*** Data shown ***

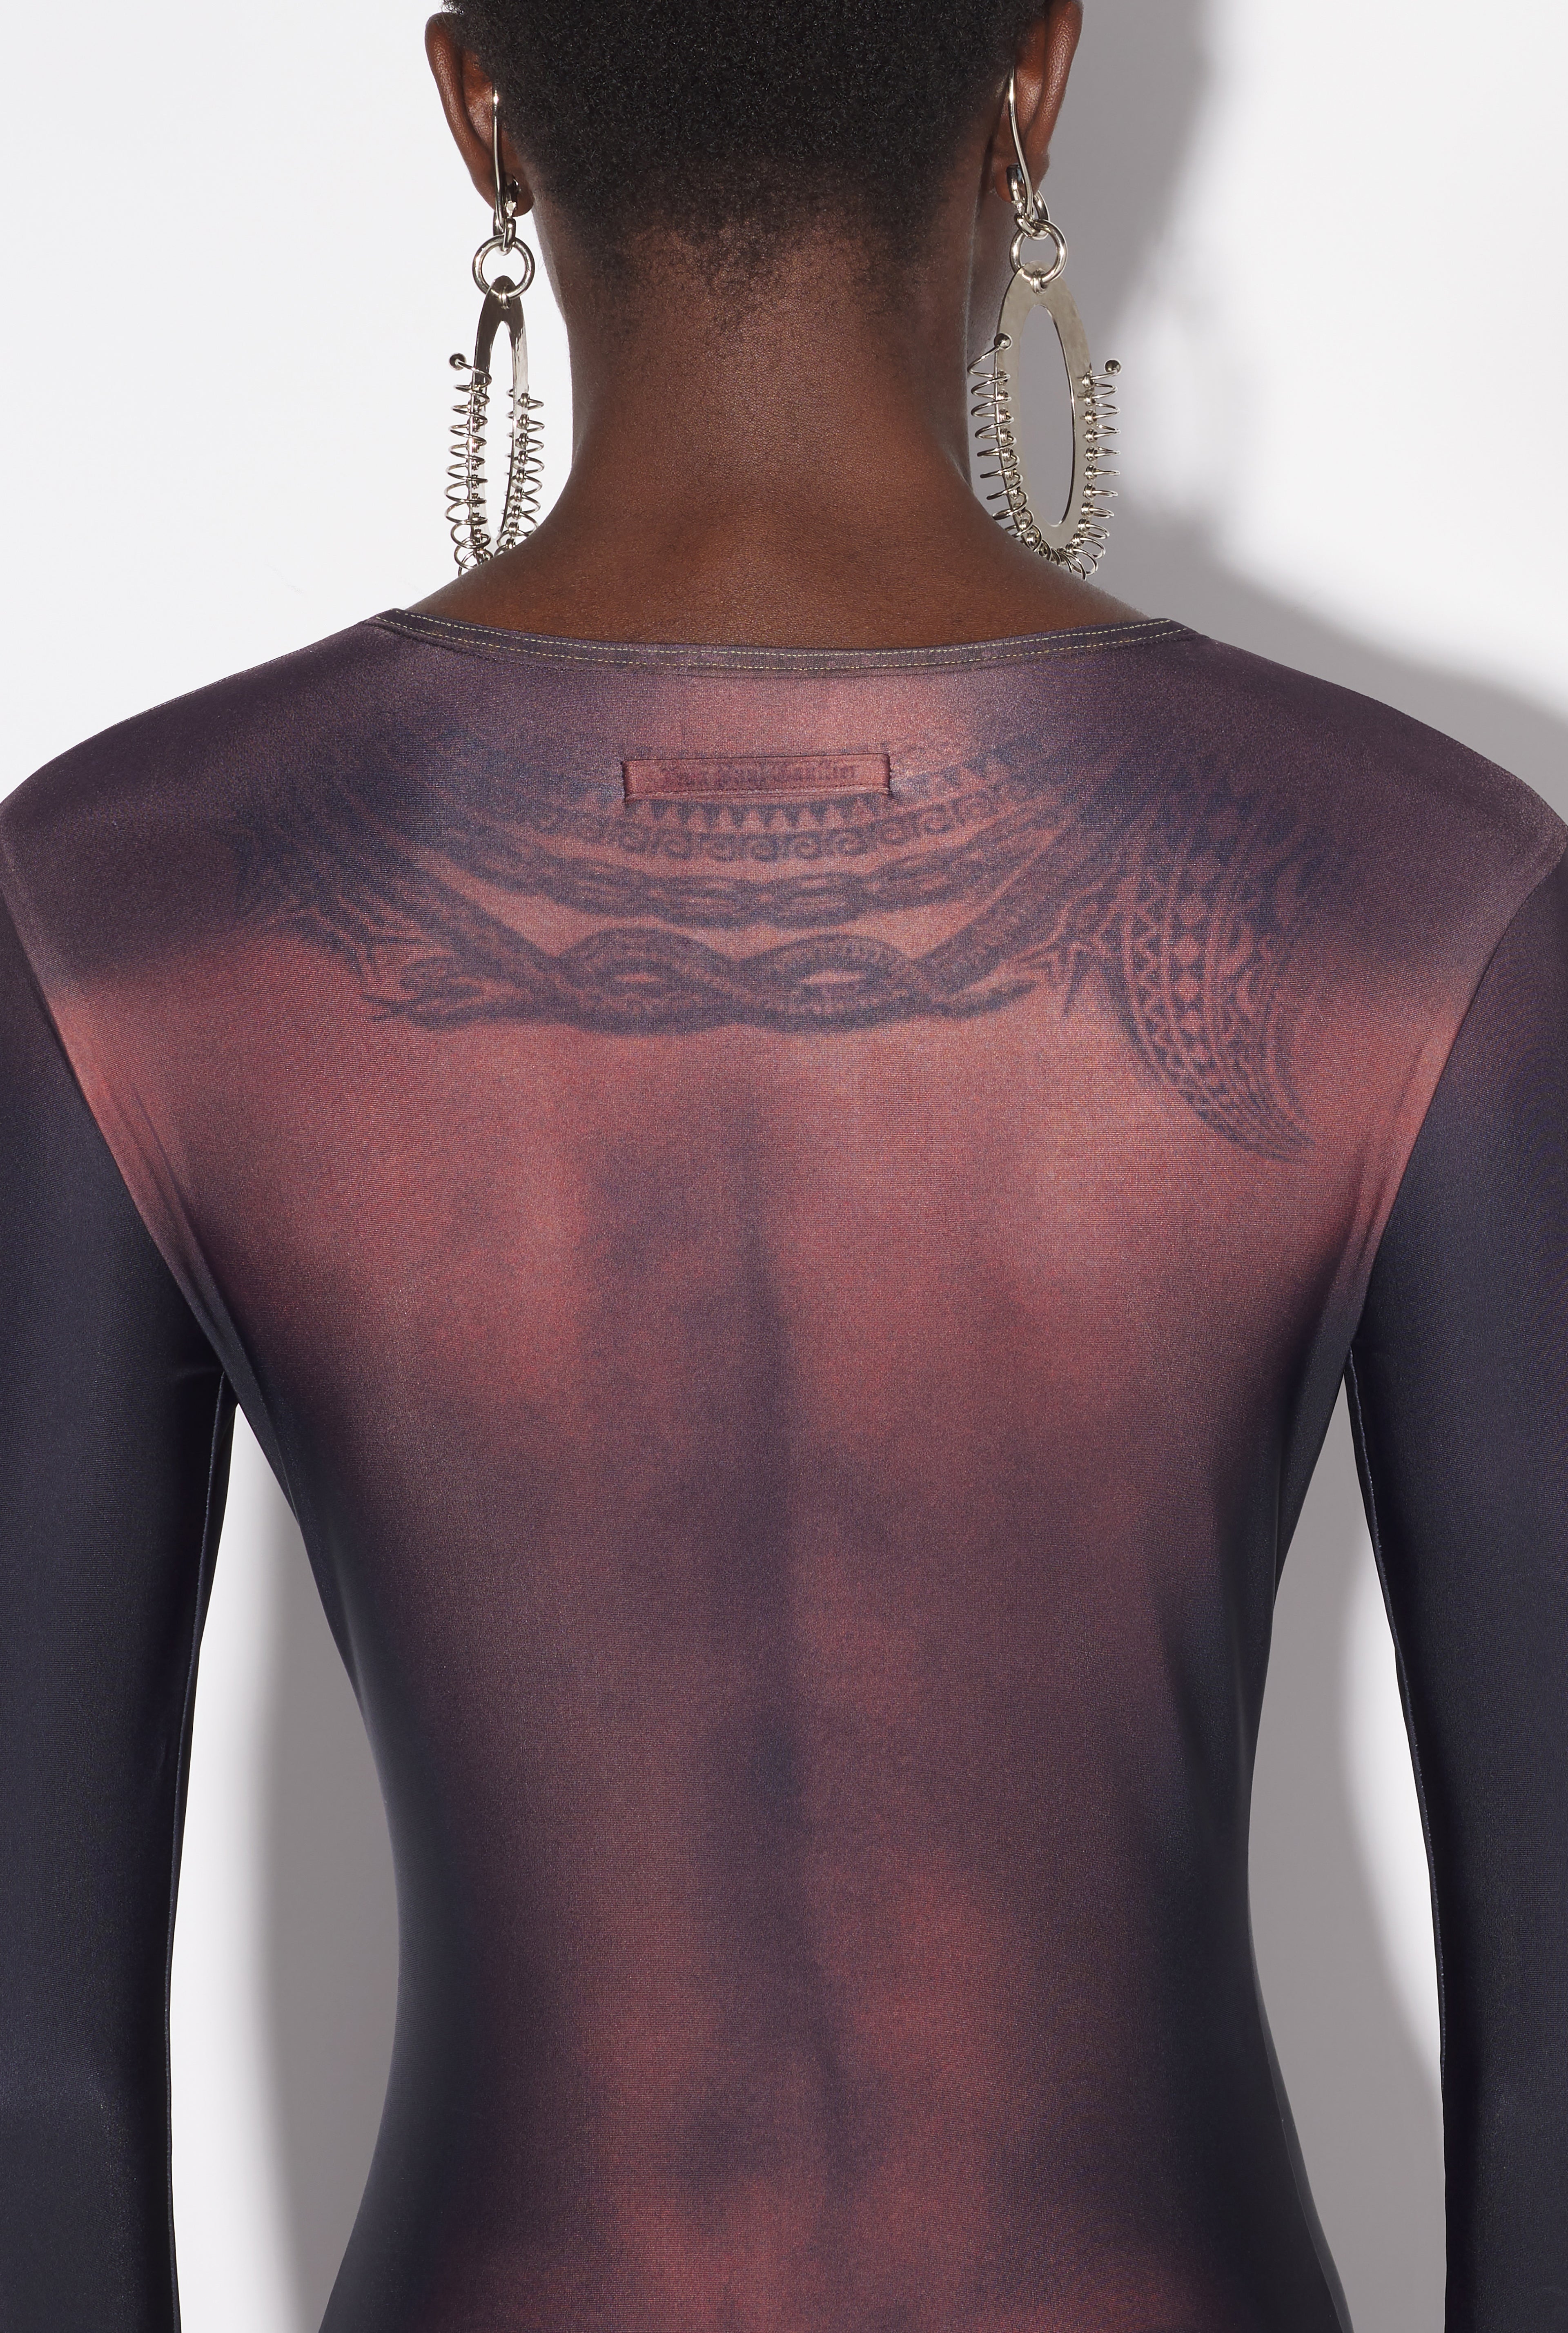 The Long Ebony Body Tattoo Dress
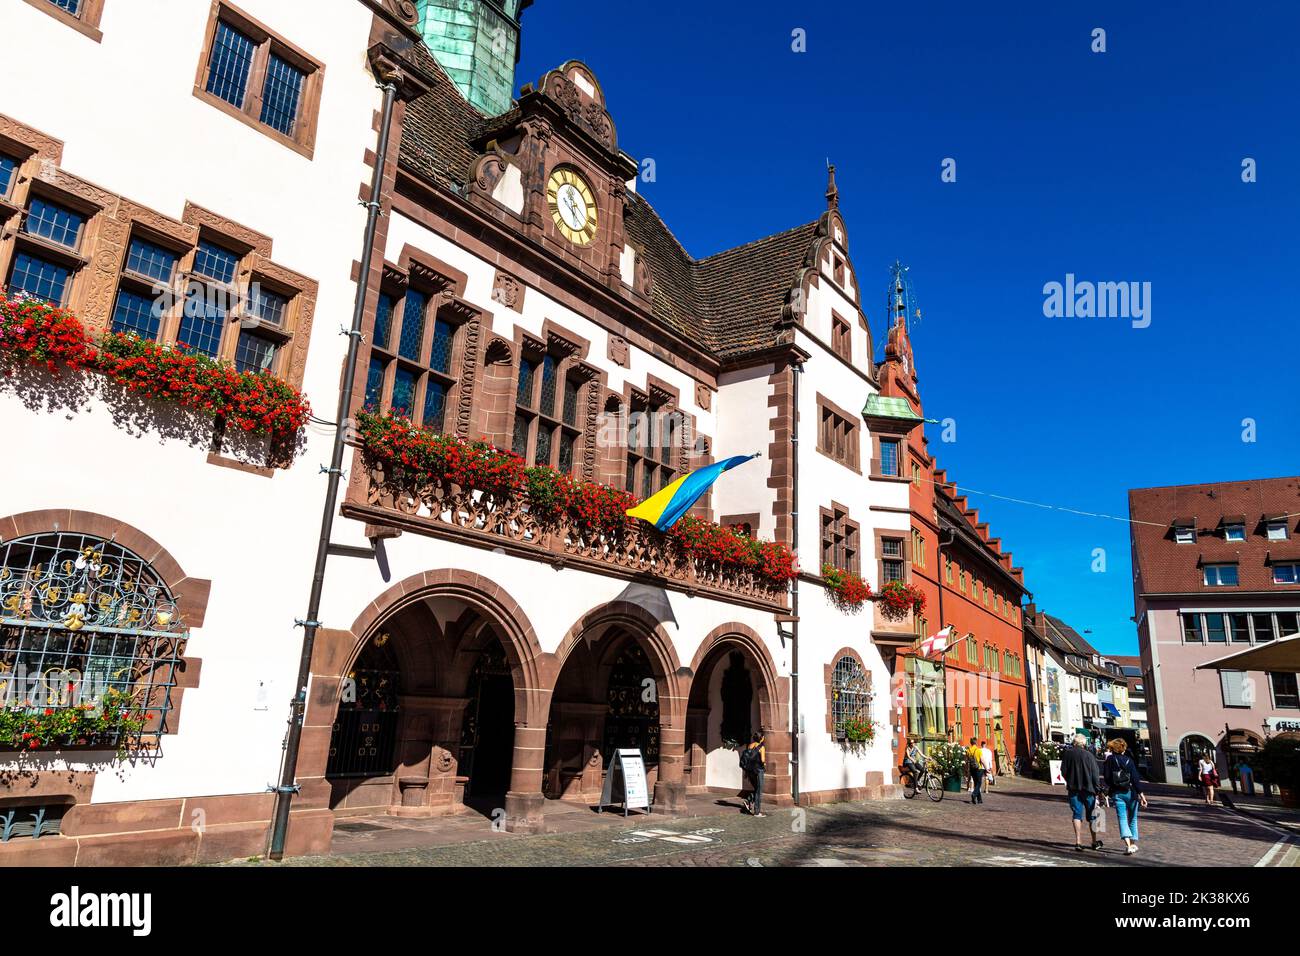 Exterior of the 16th century New Town Hall (Neues Rathaus), Rathausplatz, Freiburg im Breisgau, Germany Stock Photo
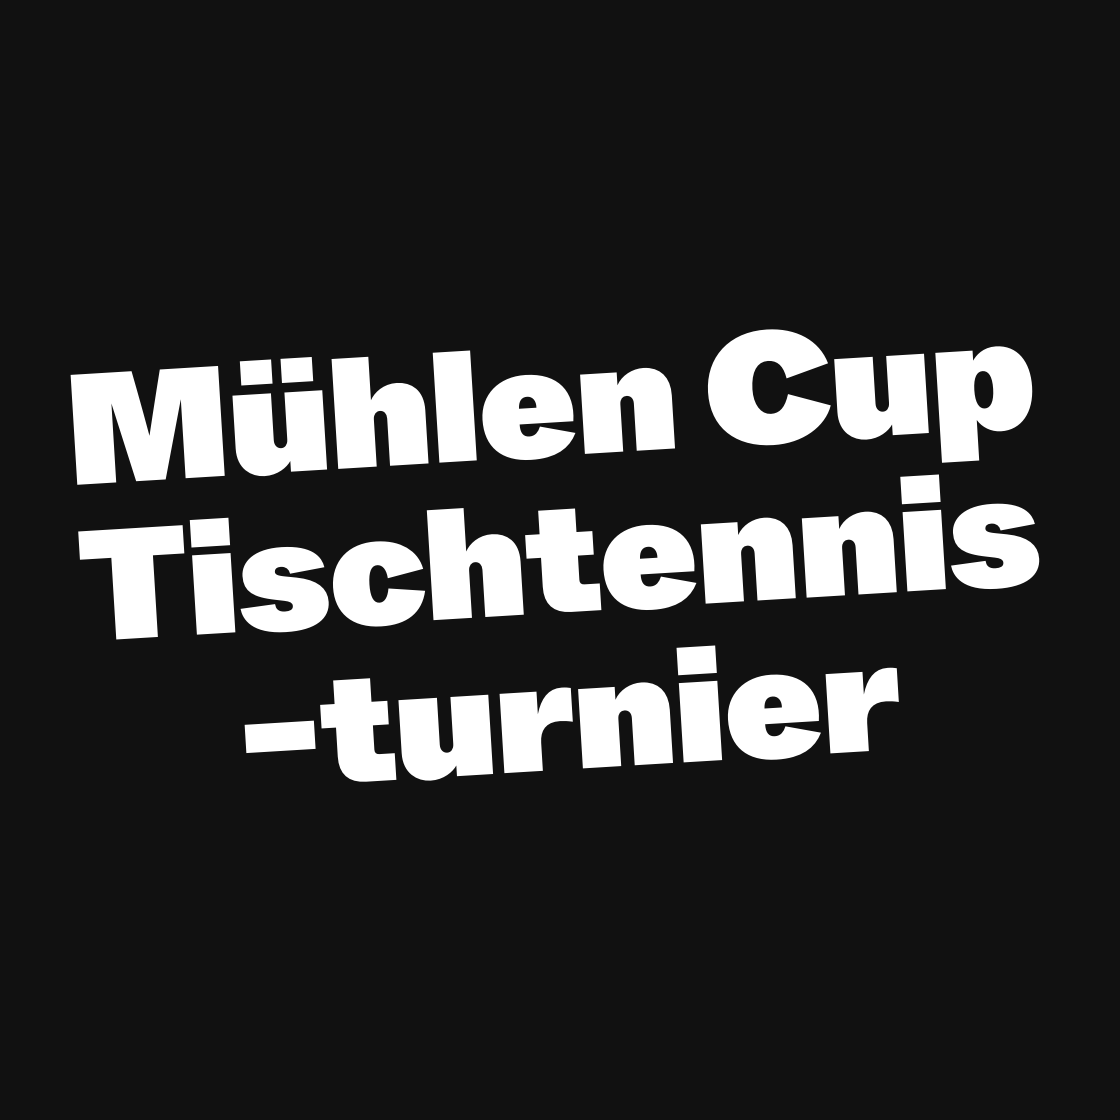 Mühlen Cup Tischtennisturnier
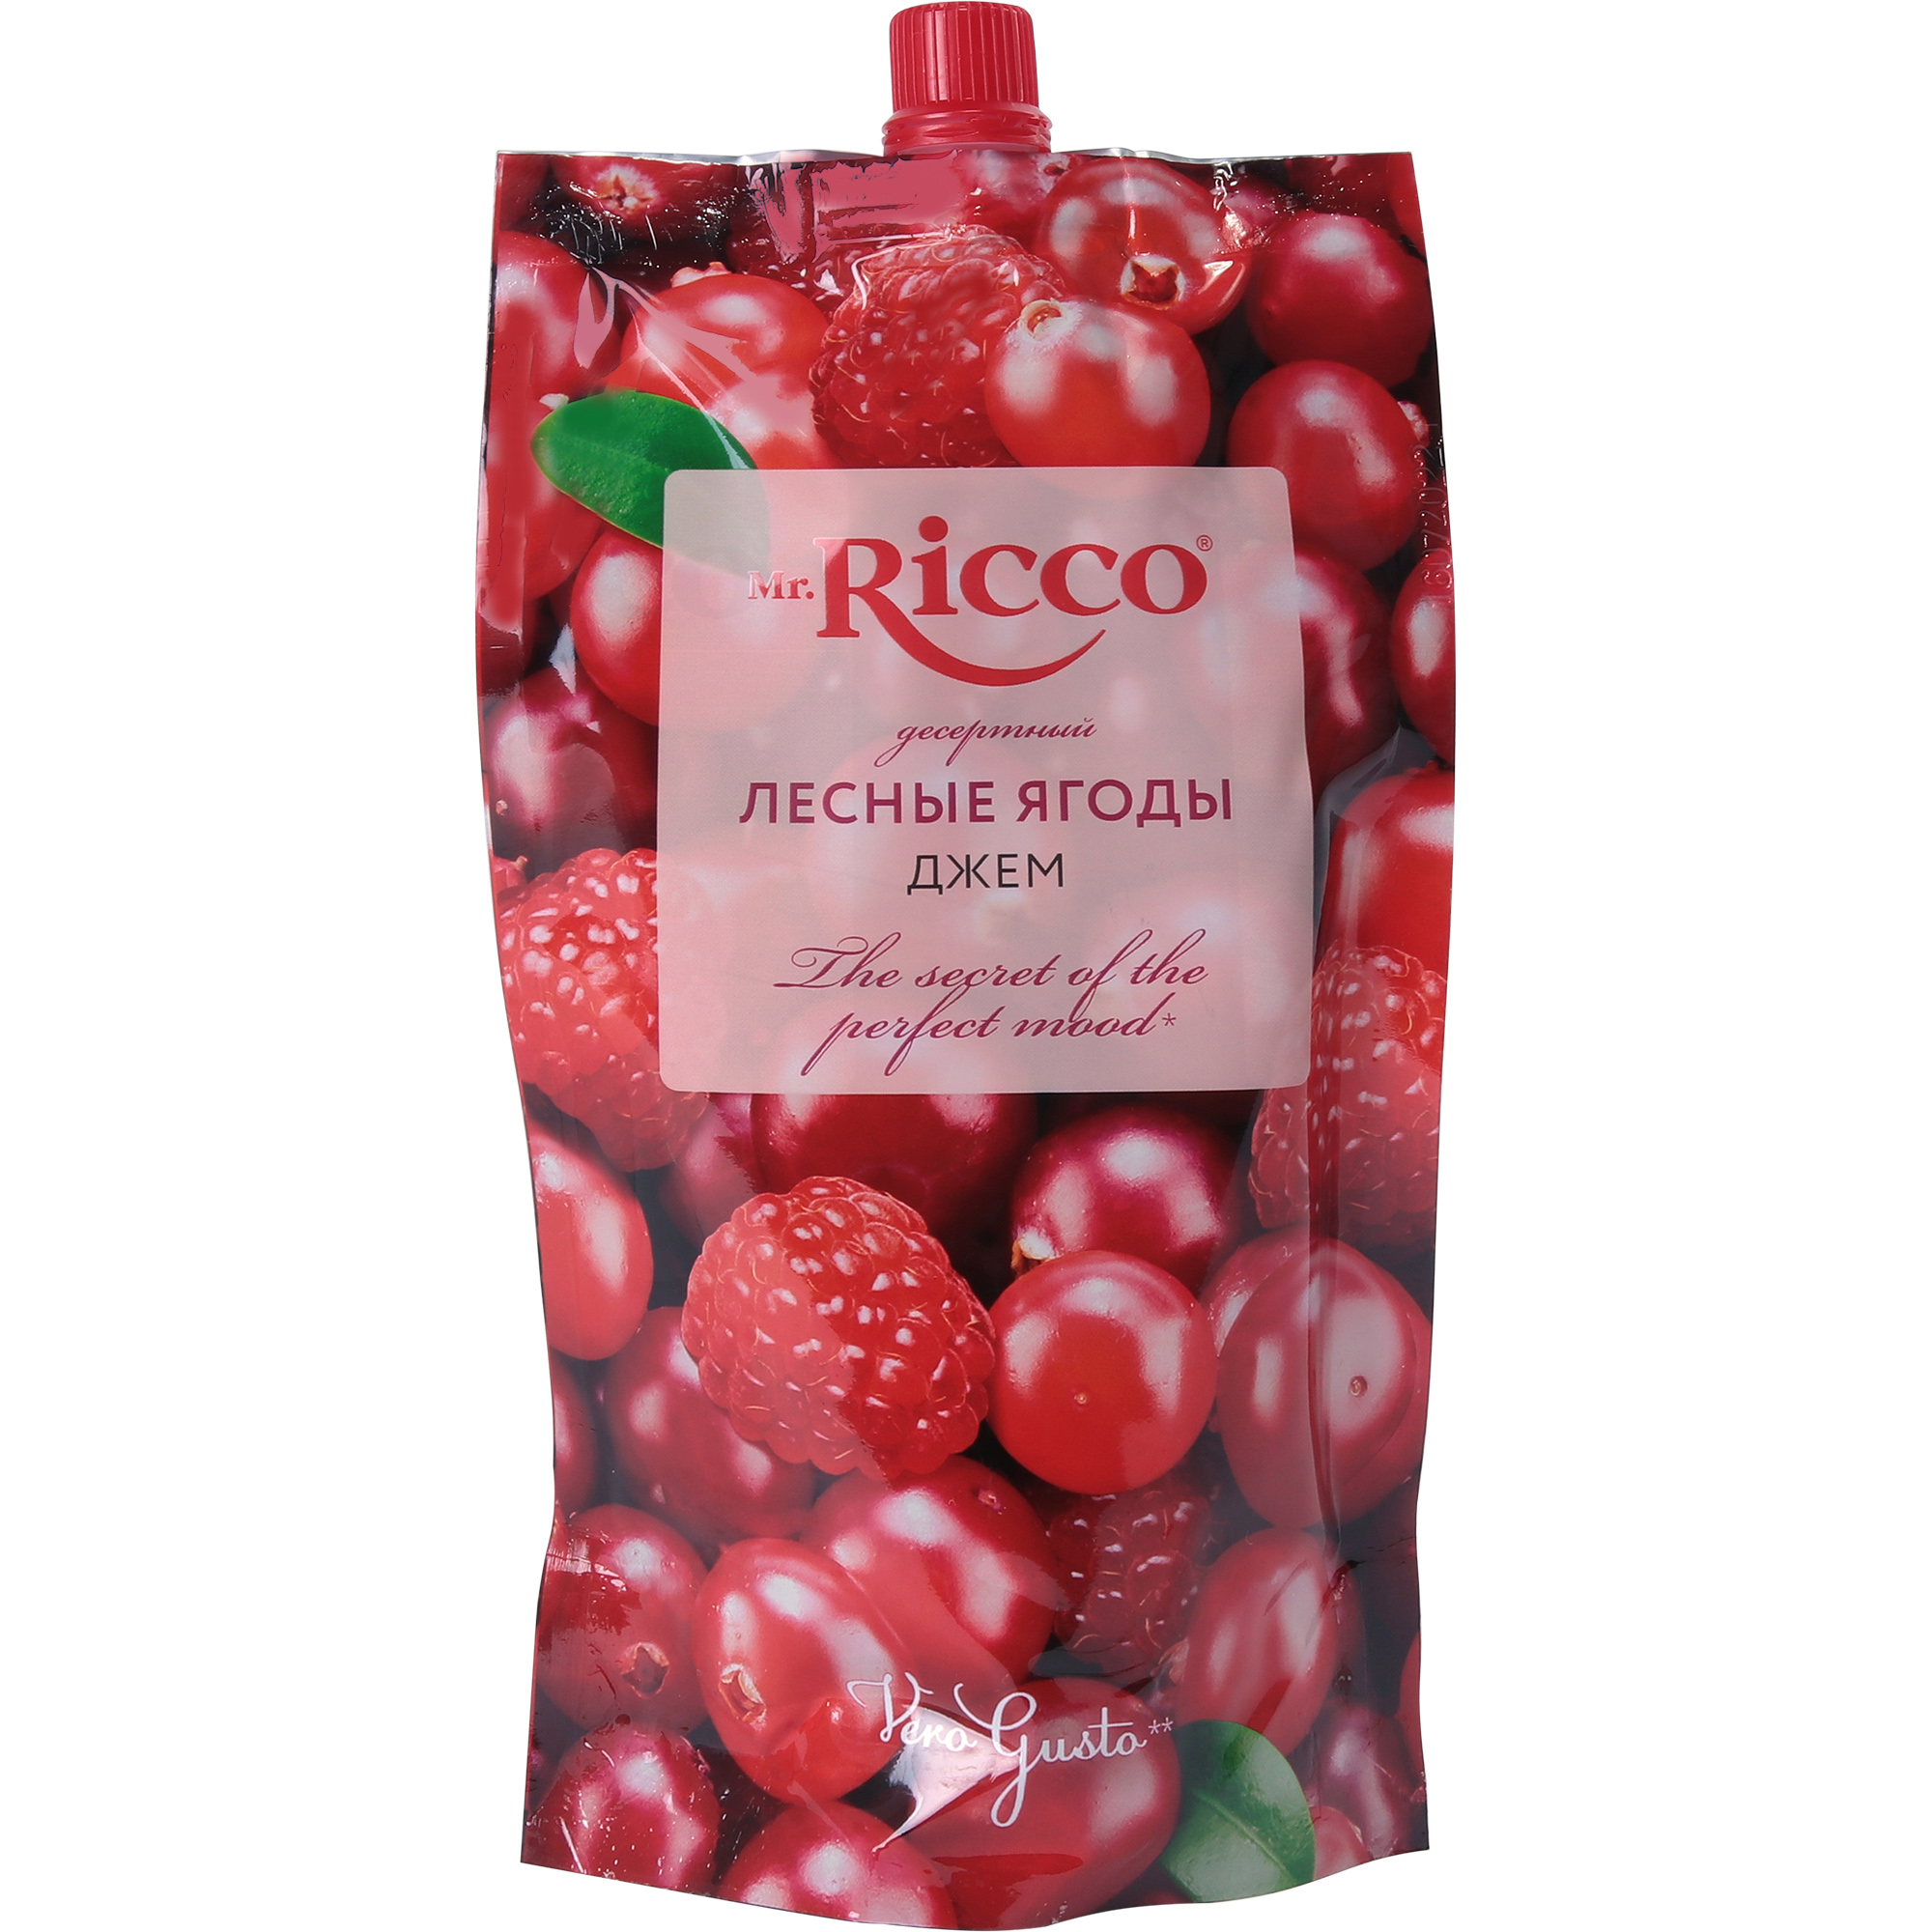 Джем Mr.Ricco лесные ягоды, 300 г джем msk null абрикос низкокалорийный без сахара с пребиотиком 260 г

*** End of Data shown ***

▶ **Requirement**
Reproduce, exactly and without pictures, the lines above from the one containing "Exterior of the" through the last line of the material, both ends included, and nothing more.

▶ **Output for this task**
 Exterior of the 16th century New Town Hall (Neues Rathaus), Rathausplatz, Freiburg im Breisgau, Germany Stock Photo
 Mühlen Cup Tischtennisturnier
 Джем Mr.Ricco лесные ягоды, 300 г джем msk null абрикос низкокалорийный без сахара с пребиотиком 260 г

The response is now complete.